You’ve probably read that January is notoriously the most popular month for divorce.
Tensions over the holiday period – or the final straw in a relationship breakdown that’s been coming all year – may leave us emotionally drained: we don’t want another relationship, ever.
For others, the stress of dumping someone, or being dumped, leaves us needing to fill the void, and quickly – just to prove to ourselves that, even if our ex-partner doesn’t value us any longer, others will.
We’re tempted to hook up with the first person who gives us a second glance.
Do ‘rebound relationships’ work?
The common definition of a ‘rebound relationship’ involves someone rushing into a new relationship before they’re ‘over’ their previous one – replacing old with new.
Popular opinion suggests these relationships are destined to fail: that the new partners will eventually realise they have nothing in common, or that it’s just too unstable a foundation on which to build anything substantial.
There’s some truth in it: it’s hard to deny that ‘rebound relationships’ can come with risks.
The biggest is that the new relationship is being used as a way of avoiding emotions and feelings bound up in the previous one – that, by finding a new partner quickly, we try to avoid the pain of breaking up and the sensation of uncertainty that may follow.
The problem here is that these feelings often have a way of working themselves out anyway – and that may create instability in any new relationship.
Another risk comes from the way in which rebound partners tend to be chosen. While the popular perception of ‘rebound relationships’ is that we choose a new partner at random, the actual pattern can be more problematic. It’s not uncommon for us to choose a partner who is very, very similar (either physically or personality-wise) to our previous one – or someone who is totally the opposite.
Both outcomes can be fraught with difficulties. Choosing someone similar may mean we’re trying to work out unresolved issues with our previous partner – finding a similar partner with whom we can re-live and ‘correct’ experiences.
This is an unwelcome burden for the new partner to face, and usually an unpredictable way for such issues to be resolved.
However, choosing someone totally different can mean we end up with a new partner who turns out not to be particularly suitable – events often take a turn once the initial ‘honeymoon’ phase is over.
There are no concrete rules.
But, when it comes to relationships, it doesn’t pay to be too prescriptive. ‘Rebound relationships’ come with risks, but that doesn’t necessarily mean they’re doomed to fail.
As many of us can attest having witnessed the newly developing relationships of family and friends, and indeed our own, occasionally what some might describe as a classic ‘rebound relationship’ turns into a strong and loving partnership that lasts many years.
The truth is it can be really hard to predict what will work.
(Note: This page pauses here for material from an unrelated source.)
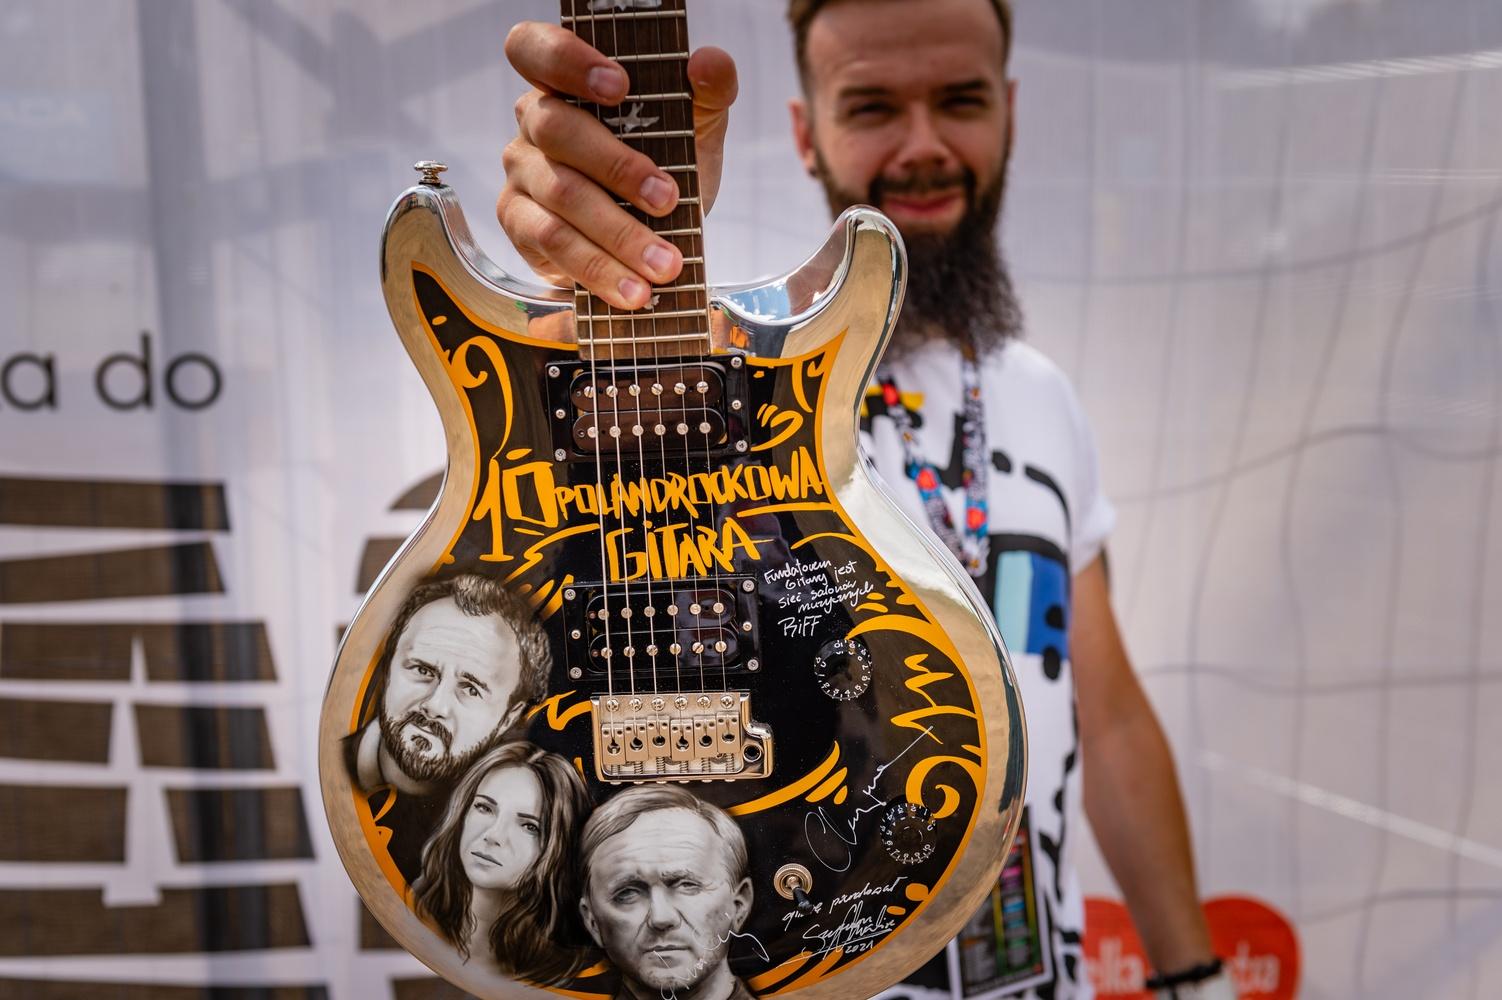 Front of the guitar with images of Arkadiusz Jakubik, Kasia Kowalska and Andrzej Chyra. Photographer Pawel Krupka

A partnership that looks great on paper might not go the distance in real life – and vice-versa.
So, instead of drawing up hard and fast rules for what we ‘should’ and ‘shouldn’t’ do, we might instead ask ourselves some questions before deciding whether to get involved:
What makes the difference
How do I feel? This can be a complex ask – especially when we aren’t feeling any singular emotion at any given time – but it can be useful to try to get a sense of where we’re at regarding our previous relationship. Are we experiencing confusing feelings and emotions? Do we feel we may be acting out of hurt or anger?
What do I want? Again, this can be a perplexing, but just thinking about it may begin to help us move towards an answer. Is there a direction we want to head in next? Conversely, is there a direction we don’t want to move in?
What would I say to someone in my position? Sometimes it can be useful to step outside ourselves and consider things more objectively. If you were to have a conversation with yourself about what’s happening, what would you say?
Of course, the answer to any, or all, of the above may still be a resounding: ‘I don’t know!’ If this is the case, your best option is probably to proceed with caution.
It can take time before we’re able to understand what it is we’re really after – or indeed how we really feel – but, in the meantime, there’s no need to rush into anything.
That doesn’t necessarily mean avoiding new relationships, but it might mean refraining from making any big decisions, or diving in headfirst into a serious commitment. In short: don’t put too much pressure on yourself.
Equally, try not to worry too much about what people say about ‘rebound relationships’. In the end, what really matters is whatever makes you happy. And, sometimes, the best way to figure this out is simply to take your time.